My 386 era machine at the time was without internet. My first experience was through AOL and Netcom in the early 90's. I mostly got lucky when things broke as I would fix one thing and break another horribly.

Slowly over time I began offloading large chunks of brain power to the internet as Google and others started really upping their game. Now, as a developer I don't keep syntax idiosyncrasies between languages in my head, I search. I don't keep esoteric error messages from Microsoft Office in my head, again I search. The proper use of Google has practically paid my salary for the last 16+ years. Once Stack Overflow came on the scene, my developer skillset took a quantum leap and I suspect a lot of people could agree with that statement. Now, I can say with certainty a significant portion of my computer literacy comes from my ability to use Google effectively.
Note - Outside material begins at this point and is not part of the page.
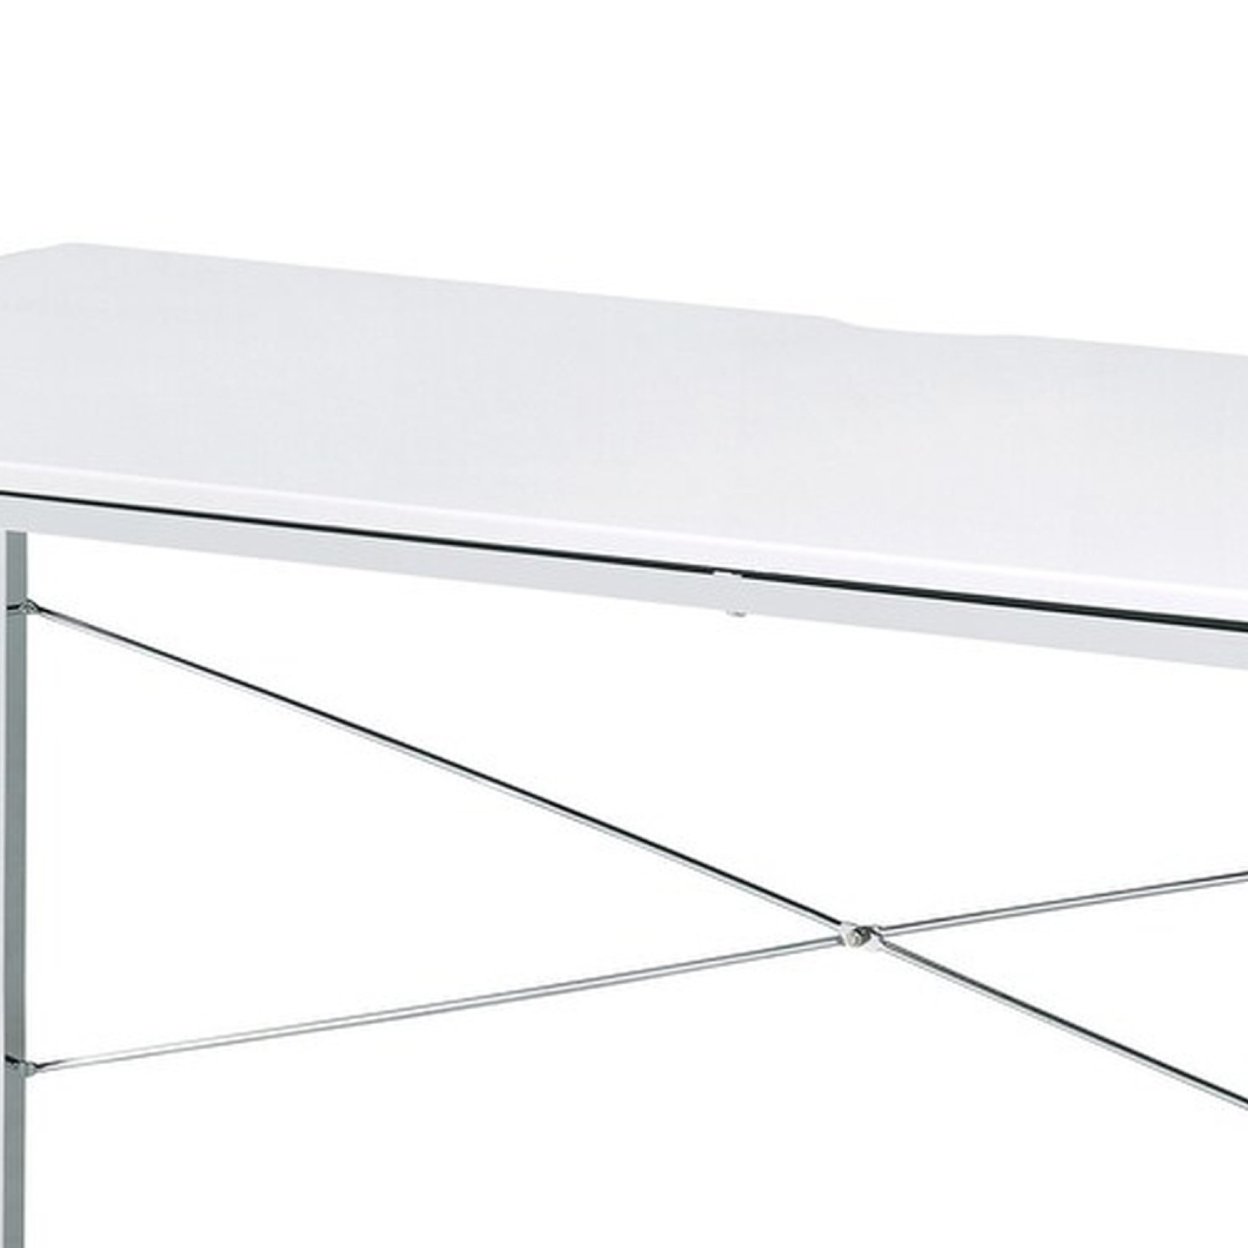 Mayo 47 Inch Rectangular Desk Console Table, Crossed Bars, White, Chrome- Saltoro Sherpi

I'm completely convinced that teaching proper search techniques to just an intermediate level would bring a lot of people close to being at least "literate enough." I expect everyone to be able to solve any user software problem they have but that should extend to the OS as well. Hardware problems aren't that much harder to solve but they generally require more practical knowledge, like how a specific peripheral behaves under normal working conditions. That can easily be taught as well but I expect only people that care to not pay ridiculously high prices for repair would care to venture into this territory.

Regardless, this is a long way of saying this isn't a Harry-Potter way of doing things for most people. It might seem like magic at first to a vast majority even, but over time that will turn into confidence and skill to solve genres of problems, not just specifics.